In an 89-page complaint published by The New York Times, Bright says he was “involuntarily removed” from his BARDA position on April 20 by Assistant Secretary for Preparedness and Response Robert Kadlec, M.D., who was taking orders from HHS Secretary Alex Azar.
Early in the COVID-19 pandemic, the former BARDA director tried to “ensure that the U.S. government dedicated the appropriate resources and expert personnel to combat this deadly virus,” the complaint says. In response, HHS “political leadership leveled baseless criticisms against him,” he alleges.
Things took a turn for worse in a dispute over chloroquine and hydroxychloroquine, drugs that President Donald Trump has hyped without adequate trial evidence supporting their use in the COVID-19 fight. Bright had “objections and resistance to funding potentially dangerous drugs promoted by those with political connections and by the administration itself,” the complaint says.
As the president and others touted the decades-old meds as a potential “game-changer,” Bright was pushing back behind the scenes. The drugs lacked “scientific merit” and were “imported from factories in Pakistan and India that had not been inspected by the FDA,” the complaint says.

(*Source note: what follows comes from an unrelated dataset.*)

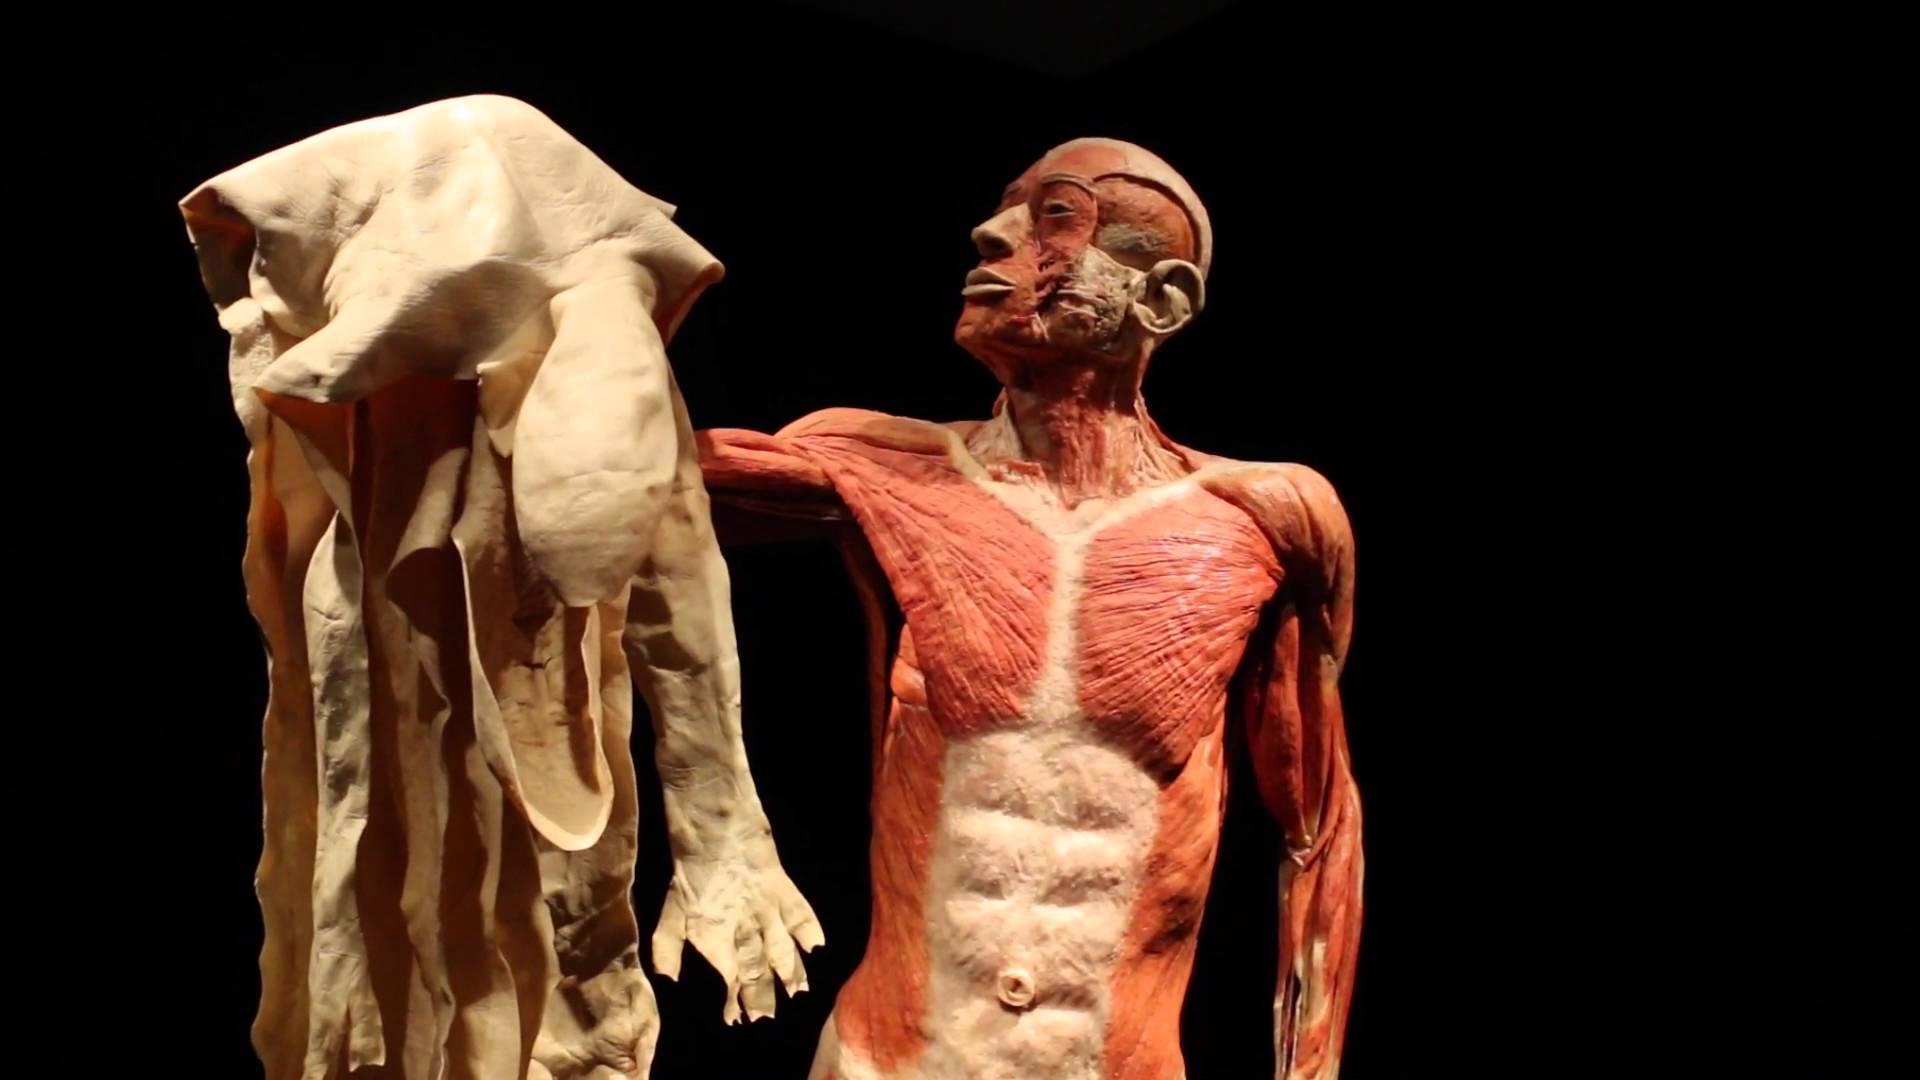 صور هل تعلم عن الانسان , معلومات لا تعرفها عن جسدك

The former BARDA chief was contacted by a journalist reporting on the subject, and Bright decided to corroborate the reporting under a “moral obligation to the American public.” That may have been the last straw, according to the complaint.
“HHS leadership, including Secretary Azar and Dr. Kadlec, were already gunning for Dr. Bright’s removal because of other issues he had raised about fraud, waste, and abuse, but they chose to remove him as BARDA Director within days of publication of the article about chloroquine because they suspected that he was the source,” the complaint says.
Last month, an HHS spokesperson told FiercePharma Bright’s transfer to a new public-private partnership called ACTIV was “part of a bold plan to accelerate the development and deployment of novel point-of-care testing platforms.” She didn’t immediately respond to a request for comment Tuesday.
With his complaint, Bright is asking for the U.S. Office of Special Counsel to put him back in his BARDA role and conduct a “full investigation.”